Lactophobia: fear of lactation, often expressed in the form of disgust and defensive attitudes and beahviour.
Different body parts have been fetishised at different times and in different places of the world, including feet, neck, and anckles. It is important to note that breasts have not been perceived as sex objects for all cultures or in all periods, at this point in history, in the West they are. One possible reason that breasts are so sexualised in the West currently is the fact that our rates of breastfeeding are low. Carolyn Latteier states that we don't see a lot of breastfeeding in public, most of the time when we see breasts it is within a sexual context (From Breast Obsession).
According to the 007Breast website refusing to breastfeed a child as well as forced and early weaning also contribute to the sexualisation of breasts. If the baby is refused what is her best source of comfort and security (as well as nutrition) she is left with an unfulfilled attachment to breasts. The baby still wants to be close to breasts, but is denied. As toddlers this normal and healthy desire to be close to breasts is misconstrued by some adults as unsavory and the youngins may be scolded or punished for expressing their need for mother's breasts. In addition children (and teenagers) may also not be allowed to see naked breasts within their family because this is ruled by adults to be taboo. Naturally, children develop "curiosity towards breasts" and the taboo makes breasts exciting. To top it all off this exciting taboo is represented as sexual within the media, and so the fetish is born and "the end result is a distorted view of female breasts" (Breast Obsession). This article notes that this leads to a vicious cycle:
The less women breastfeed, the less people get to see the real purpose of breasts. At the same time media everywhere touts the view of female breasts as sexual. That in turn makes it harder for women to breastfeed, since many of the reasons for not breastfeeding are linked to the sexualization of breasts.
So the less women breastfeed, the harder it becomes for women to breastfeed. We have a cycle that self-promotes the view that the main purpose of female breasts is for something else than feeding babies! (From Breast Obsession).
There is an easy way to break the cycle, though: breastfeed our children, let them wean themselves naturally, don't hide breastfeeding from older siblings and relatives, encourage our children to understand breastfeeding and see this as breasts' purpose!
Sheila Kitzinger notes that artificial feeding products help perpetuate this vicious cycle by eliminating display of breasts, and that this in turn helps to perpetuate misogynist beliefs that women's bodies are rightfully the sexual property of men. She writes:
Today bottle-feeding, because it eliminates display of the breasts, helps protect women, and their male owners, against such attack. Women's breasts are considered their husbands' possessions. The man decides what is done with them and to whom they can be shown. Shame and disgust about breastfeeding are closely connected to the view of a woman's body as male property (The Politics of Birth, pg. 43).
Kitzinger also observes that lactating is sometimes viewed as an unattractive bodily function, like menstruation it is perceived as "polluting" or disgusting (2005, 39). Breastfeeding is thereby made inconvenient for women and their children, because it is considered something that should be hidden.
For all our "progress" and "enlightenment" The West has become terribly confused about the purpose of breasts. Breasts were made for meeting the needs of our young. This is evidenced by the fact that breasts of all shapes and sizes can equally nourish a child - not just the most aesthetically pleasing and amply-sized breasts.

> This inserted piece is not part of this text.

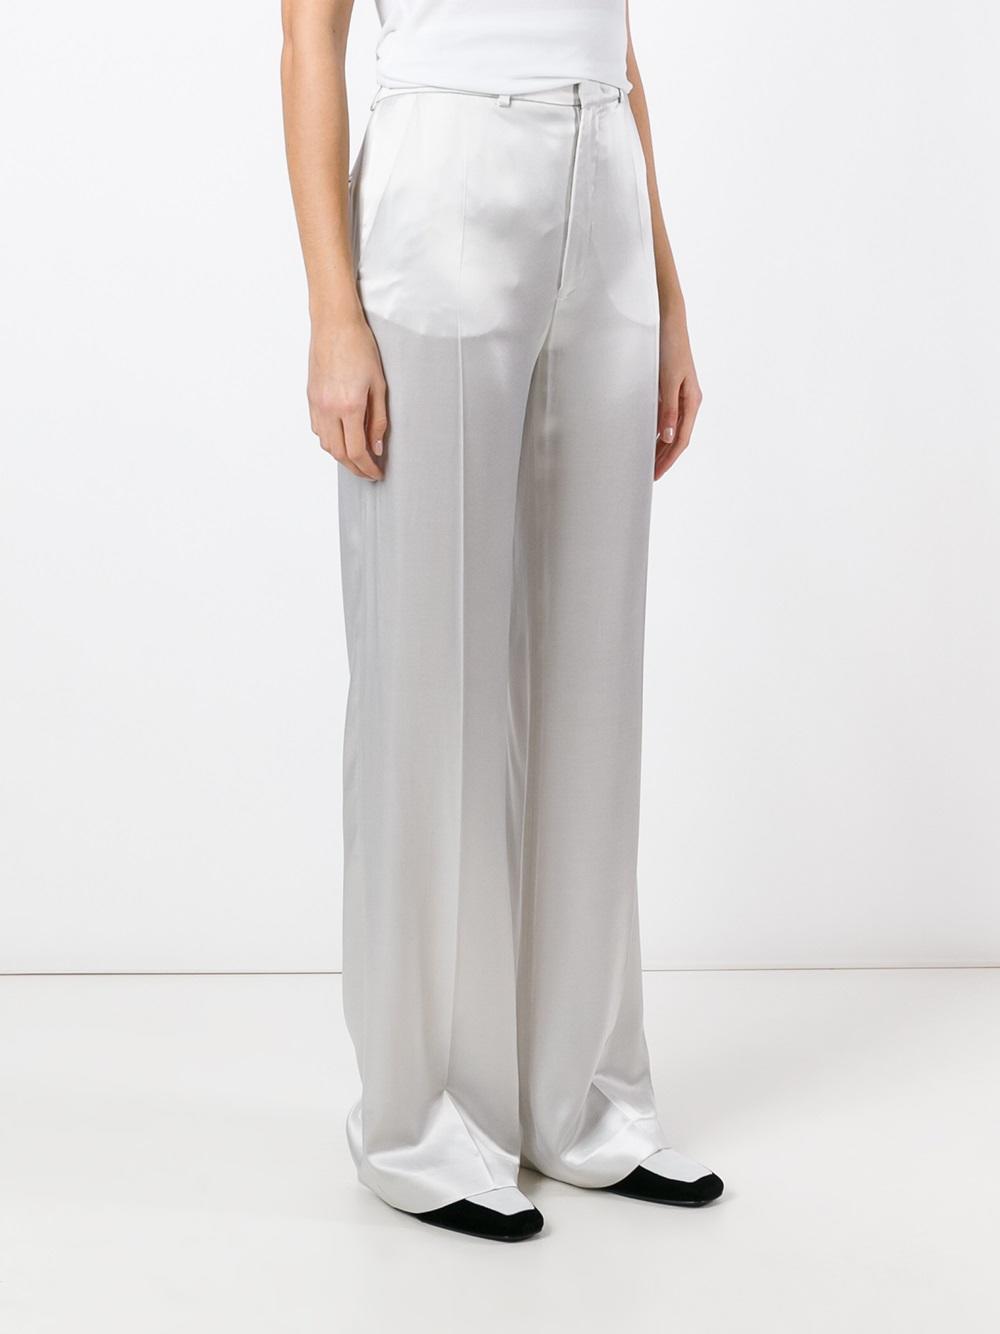 tailored trousers - Metallic Joseph tiAhcTf2Fe

Private spaces designated for breastfeeding outside the home, and products sold for the specific purpose of hiding breastfeed from public view, do nothing to bring an end to lactophobia. By taking action to break the "vicious cycle" of low breastfeeding rates and a distorted view of breasts we can simultaneously fight lactophobia and the sexual objectification of women! Which would lead to great improvements in the health and well-being of all women and children.

who could be offended by something this gorgeous?
Breast Obsession
ETA:
For another article on this topic see Got Milk? Not in Public! by Jacqueline H Wolf. She writes:
"[Hurricane] Katrina exposed America's class and racial divisions. We heard stories about inefficient government agencies, abandoned pets, lethal mold.But do you know what story I kept looking for and never found? What happens to formula fed babies during a disaster when mothers cannot buy infant formula and they do not even have access to water? And there was ample opportunity to have a sidebar that pondered those awful questions. Some of the most memorable film clips coming out of New Orleans in 2005 pictured frantic mothers clutching their barely conscious, dehydrated babies.
To those of us who work on breastfeeding, the "issue" of breastfeeding in public is a periodic amusing and frustrating annoyance. However, we have to start treating it as more than that. The negative attitude toward public breastfeeding is a cornerstone of low breastfeeding rates and a basis of our persistently formula feeding culture. Aside from all the mothers who quickly learn to use infant formula because they are embarrassed by their hungry babies when there is no private space to breastfeed, women in the U.S. often fail at breastfeeding because they do not have adequate opportunity to observe other women breastfeeding. Breastfeeding is not intuitive, it is a learned behavior. In other words: Breastfeeding in our culture is deemed a private bodily function when – for many reasons, all having to do with infant and maternal health – it should be a public one."